Anyone within the labor, peace, environmental, civil rights, women and gay rights movements or who espouse progressive beliefs are invited to join the forum. The meetings are for progressives to strategize and support one another, not to hash out a shared agenda or debate with those who disagree, Hempfling said.

The forum will help address the problem that progressives, both locally and in the nation, are more focused on their own issues rather than the progressive cause as a whole, Hempfling said.

“There are many people here who consider themselves progressive or liberal and they’re active in particular issues, but there hasn’t been a place to come together across those specific issues,” she said. In addition to political action, Hempfling said she hopes a new group of village leaders will arise.

“These are the places where people develop their political ideas and thinking,” Hempfling said.

Though the first forum is focused largely on labor organizing, Jacobs said he believes Issue 2 will have national repercussions and could be a way for the progressive movement to gain ground.

“It is an opportunity for working class people to say ‘enough — we’re tired of being scapegoated.’” Jacobs said. “It’s absolutely critical because there is no other force in the country [besides the labor movement] with the strength and ability to change the conversation.”

Voting no on Issue 2 would be a vote to repeal Senate Bill 5, signed into law by Gov. John Kasich in March. The law restricts the ability of public employees in Ohio to collectively bargain and strike and would negatively impact local teachers and schools, according to Blake, who teaches language arts at McKinney Middle School. Senate Bill 5 undermines the ability of the local administration and teachers’ union to work collaboratively to improve education in the district, she added.
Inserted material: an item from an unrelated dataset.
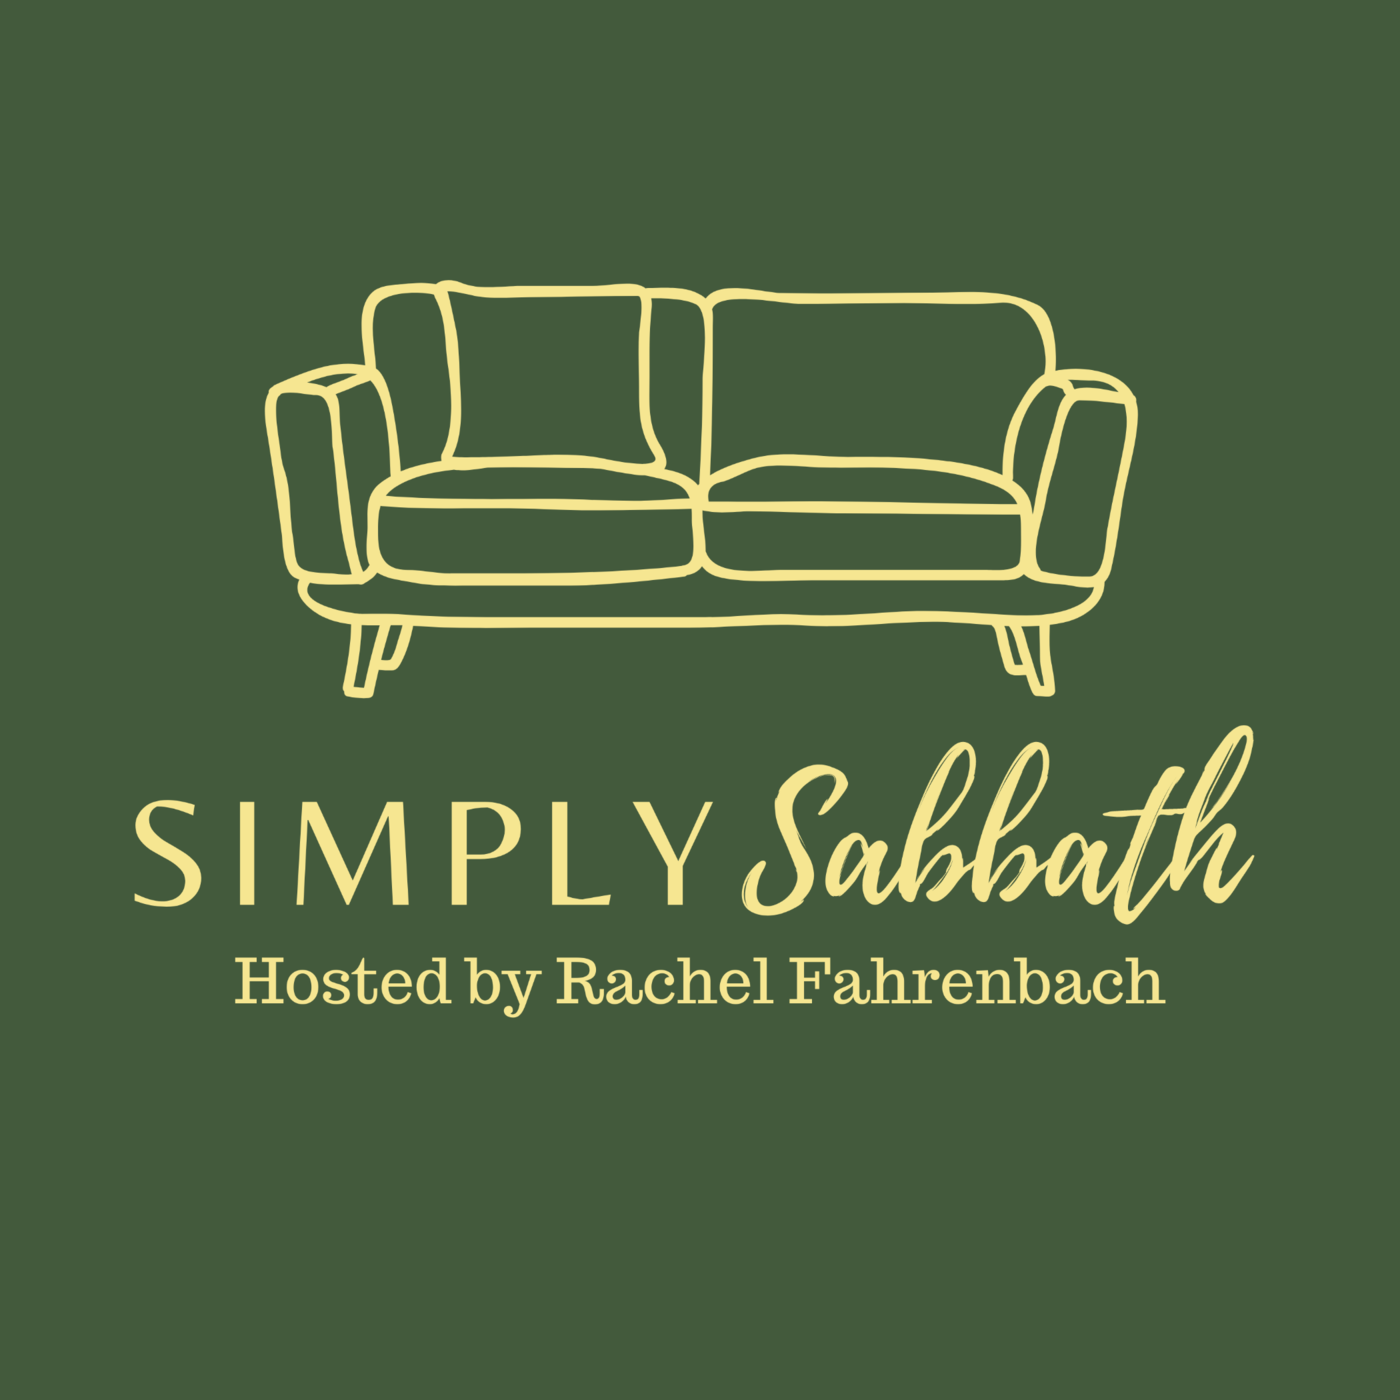 Ep 36: Should Christians Observe Sabbath? (pt 2)

“It’s a setback on our workers’ rights and our possibility of threatening working conditions and the public’s perception of educators,” said Blake, who has taught in the district for 15 years.

Yellow Springs Superintendent Mario Basora said he personally agrees that Senate Bill 5 has negative implications and that it “dehumanizes teachers.”

“Clearly it’s having an impact on teacher morale statewide and across the country,” said Basora, speaking personally and not as a representative of the district. More concerning to Basora is House Bill 136, which would create a voucher program paid by local school districts that students could use to attend private schools. Last week Basora opposed the proposed measure in testimony before the House Education Committee, scheduled to vote on the bill next week.

“Senate Bill 5 is a big issue but there are other pieces of legislation coming down the pike that are nearly as alarming,” Basora said. “It is my opinion that House Bill 136 will do more to destroy Yellow Springs schools in the future than anything I’ve seen since I’ve been in education.”

Also worrisome to progressives is House Bill 194, signed into law by Gov. Kasich in July, which reduces the early voting period from 35 days to, effectively, 11 days; restricts election boards from sending out absentee ballots, and limits poll workers in assisting voters, according to Jacobs. Because those who voted for the Democratic candidate in the last presidential election voted early at a far greater rate than those who voted for the Republican candidate, the law is partisan, Jacobs said.

“It’s one way to limit the participation of a group who [legislators] felt weren’t going to vote for their candidate,” he said. To stop the enforcement of House Bill 194 during the 2011 and 2012 elections, activists need to get 231,000 signatures to put a referendum on the ballot in 2012.

Jacobs will also brief progressives on the coming battle over federal Congressional re-districting and re-apportionment for statewide offices, which would virtually guarantee Republicans 12 of Ohio’s 16 remaining congressional seats even though the state is evenly divided between Democrats and Republicans, he said.